As a follower of Syrian affairs, and fellow Swedish citizen, I decided to track Issa down and ask him a few questions. After some initial complications I managed to acquire his mobile phone number; what follows is an excerpt from a telephone interview in which Issa discusses the organization of the opposition, the recurrent efforts by the regime to discredit his name, and the imperatives and strategies of the opposition network.

Issa, who is called “the Imam” by members of the Eskilstuna Mosque congregation because of his knowledge of Islam, is currently studying for a PhD in Innovation and Product Design at Mälardalen University and is active in the NGO Sweden’s Young Muslims. He was born “in an Arab country” (he does not want to tell me which) and moved with his family to Sweden at a young age.

Is it correct that you are the administrator of the Facebook page Syrian Revolution 2011?

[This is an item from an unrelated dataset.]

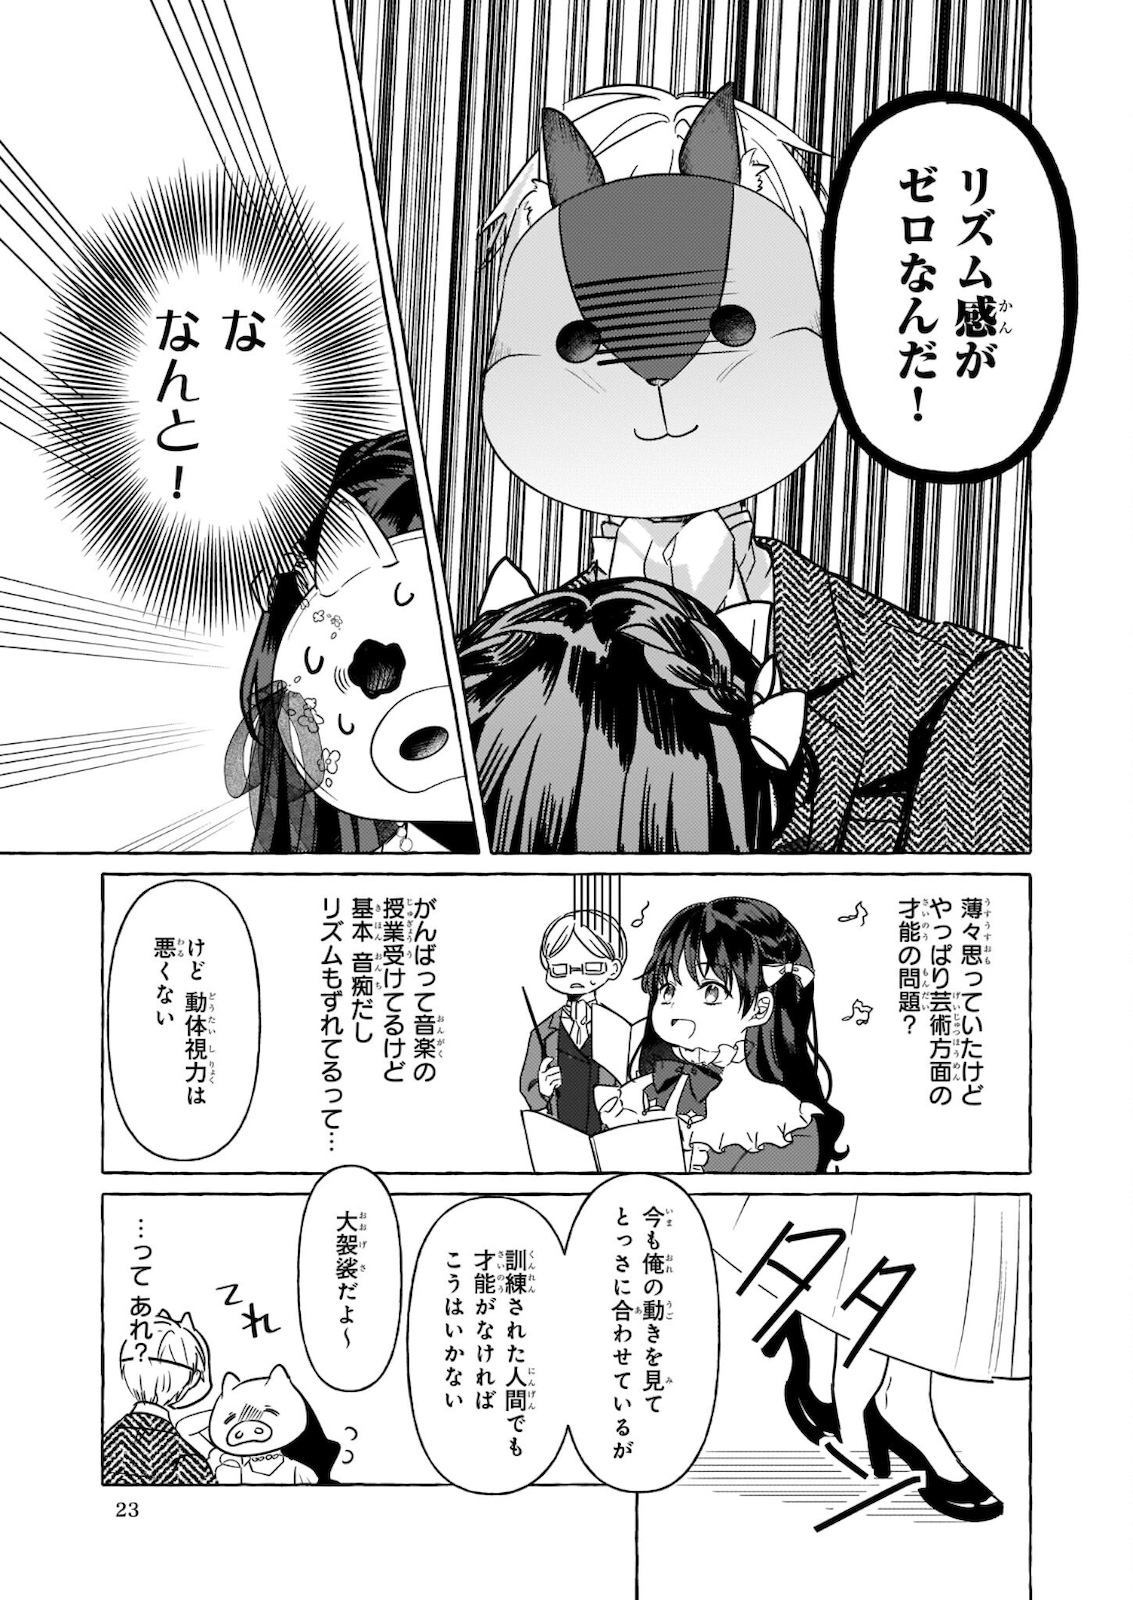 Tenseisaki ga Shoujo Manga no Shirobuta Reijou datta reBoooot! - Chapter 10.2 - Page 17

I’m the spokesperson of network that consists of at least 250.000 members and in which the Facebook is one part. We preside over 7-8 different social networking outlets.

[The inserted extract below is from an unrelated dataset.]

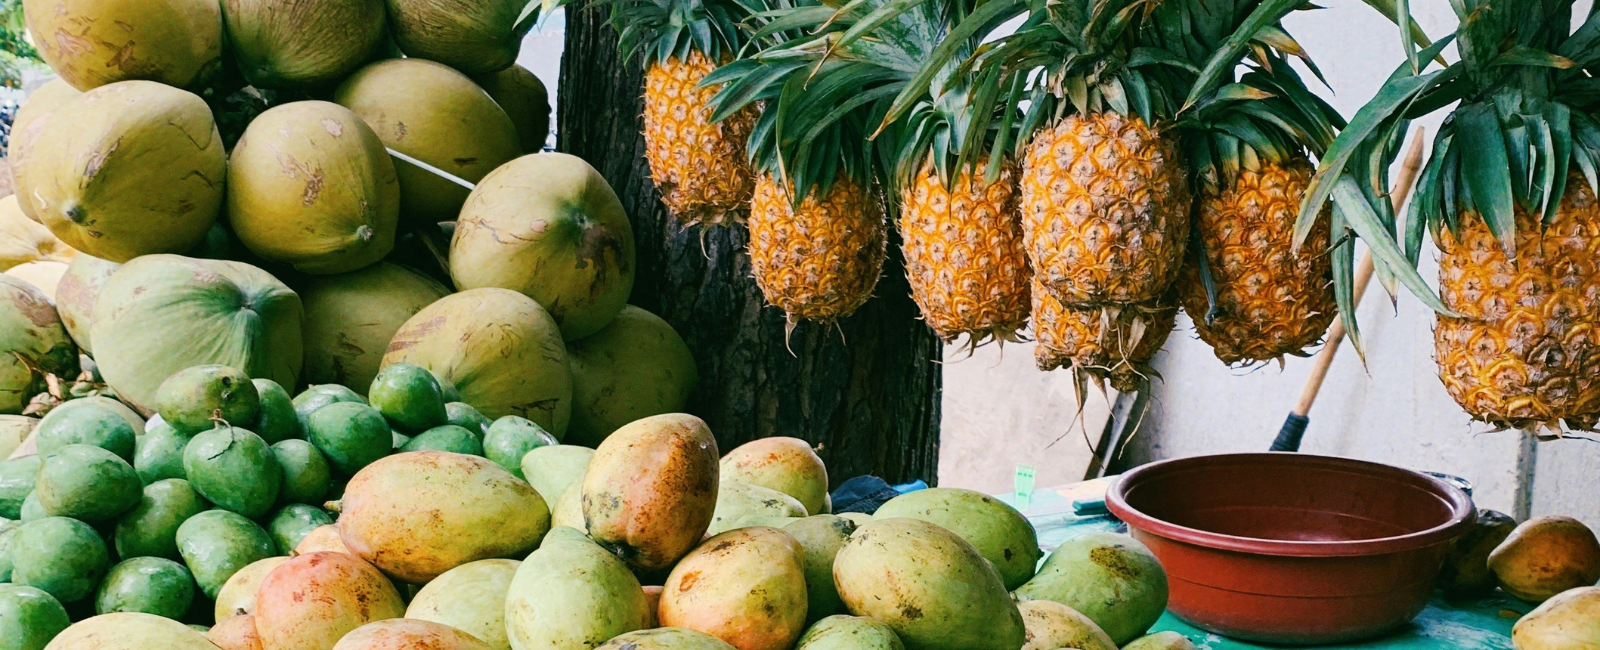 Filipino mangoes at a market stall

Do you know anything about the nationalities of the members of the Facebook page?

We cannot know exactly where people are coming from because the people in Syria log in through “proxy servers” which means that it might look like they are in South Africa when they are in fact in Syria. We have analyzed the IP addresses of our users and about 35% are Syrian residing in Syria, 50% are from the Syrian Diaspora around the world and the remaining 15% are other Arabs in other Arab countries. [Joshua writes: Of my 108 friends who have joined Syria Revolution 2011, 18 are none-Arab US citizens.]

The Syrian Revolution 2011 has been called the most “influential” in the mobilization of the anti-regime supporters. Would you agree?

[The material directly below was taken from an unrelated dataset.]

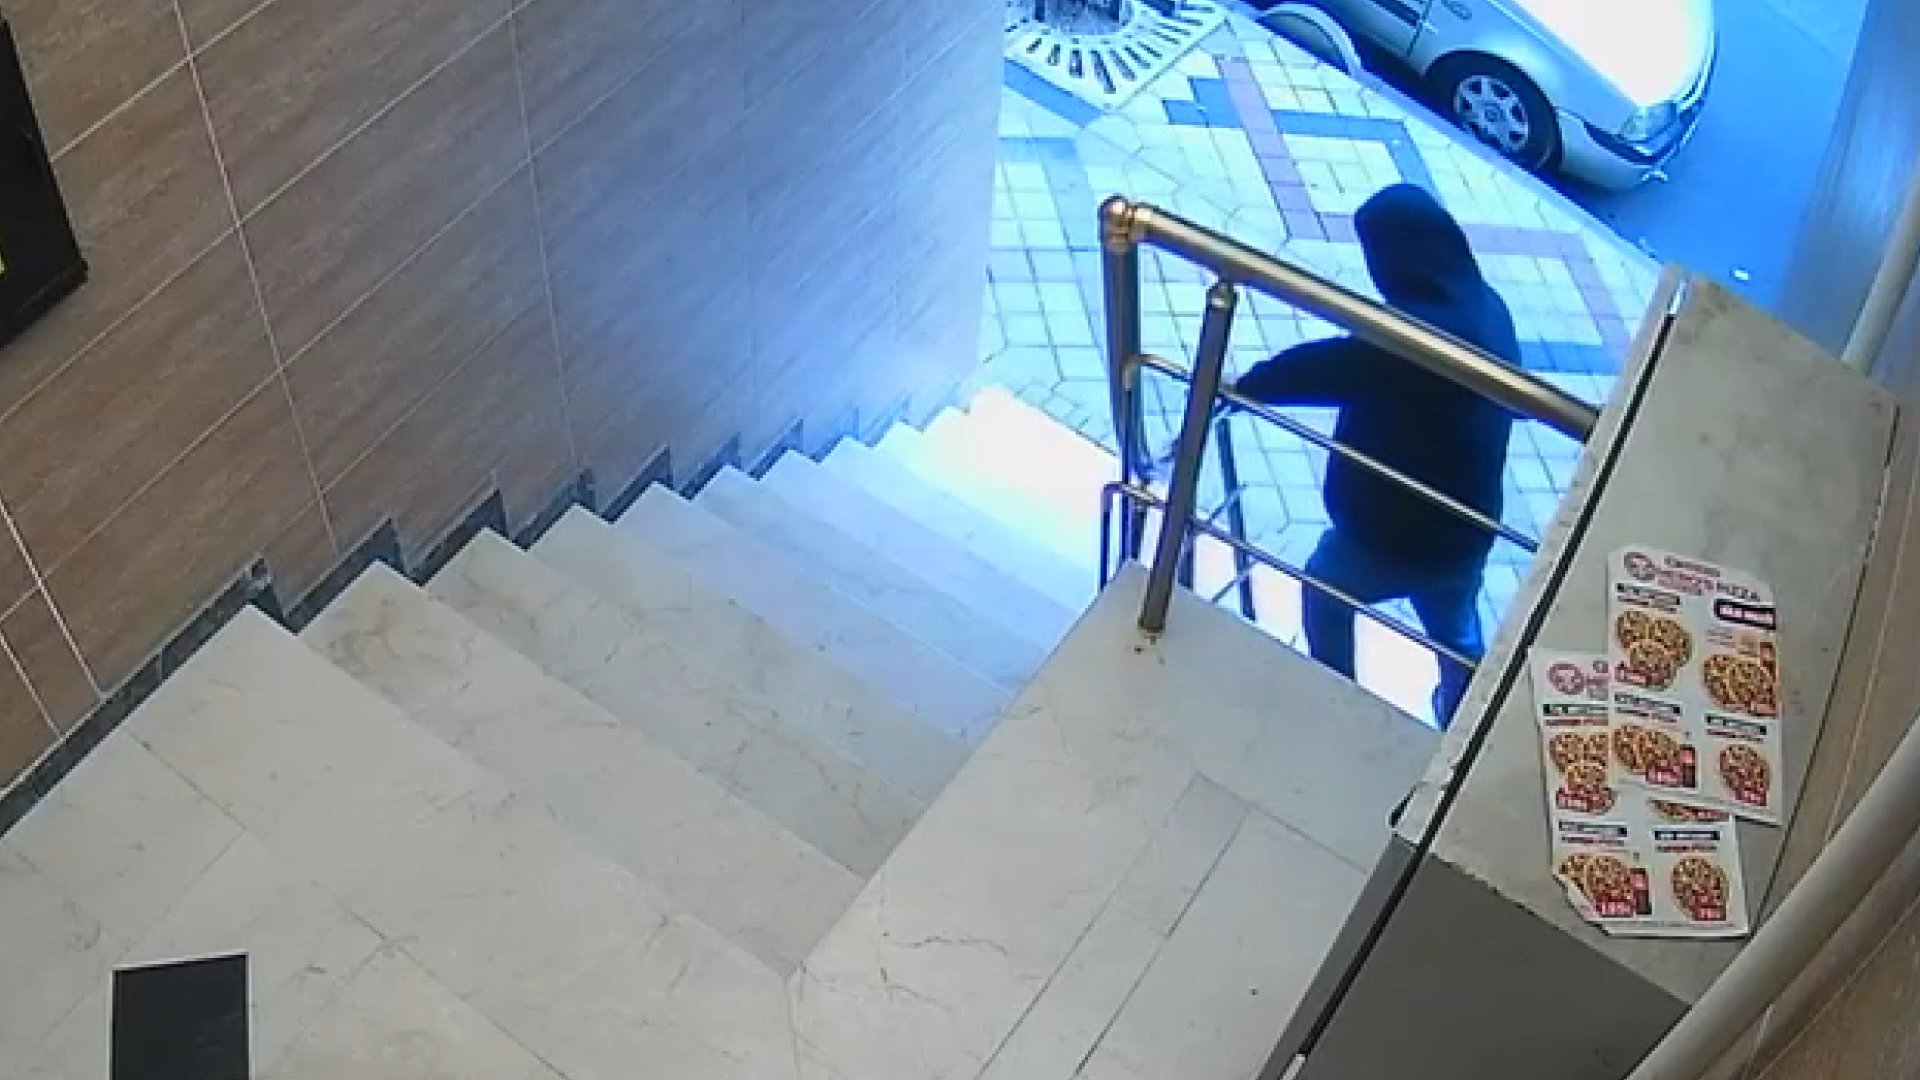 Apartmanın merdiven korkuluklarını sökerek çalan şüpheli kamerada

We keep a wide focus. The Facebook page is indeed the most influential but it is only the multimedia section of the wider activities of the network which also consists of people on the ground in Syria. We guide young people down there. When we called for a Friday demonstration, people take to the streets – everyone follows. We determine the dates of the demonstrations with the help of people on the ground.

What does the internal organization of the network look like? Who is pulling the strings?

From the very beginning we have worked together in a democratic manner. We have different committees and different departments dealing with different aspects of our activities. I work with the multimedia part. The Facebook page is run by around 10 members while about 350 people are working in the network, around 250 in Syria and 100 around the world. We have people down there filming, collecting information on deaths, etc. Our business is not just about organizing the protests, but also to act as an information platform – a source – where media, such as Al-Jazeera, BBC, CNN, Al-Arabiya can retrieve information.

How has your activism affected your own situation? You risk never to able to return to Syria, right?

As an activist, I have had many problems with the regime. They have named my name on television several times, they say that I’m no longer a Syrian, that I have betrayed my country. They have phoned me and sent letters saying that they know where I live, what my wife and my son’s names are. But all that will not prevent me and my brothers to stop demonstrating. I’m not afraid, I’m sure that what we do will help our country and our children in the future. They say I belong to groups that I don’t, that I’m a Salafi and what not. We are tired of these lies, the kind of lies we’ve been hearing for 48 years. I’m just a Muslim, that’s all. My father was himself a Syrian activist and, therefore, our family was thrown out of the country 35 years ago.

How do you see the situation unfolding?

Everyone is sad at the moment, everyone is angry. When you see your Mom or Dad, brother or daughter getting killed, frustration will mount. We want the regime to listen to the people; we want elections and new solutions. People down there are positive and determined. They will go out on the street again and again until the government listens to their demands. Before, you were afraid to say what you wanted, afraid to tell the truth, now the barrier of fear has been crossed. We are happy that after 48 years of tyranny and injustice, people have had enough, they have woken up. First it was mostly students and young people but now old people, women, housewives, Christians, Muslims – everyone wants change.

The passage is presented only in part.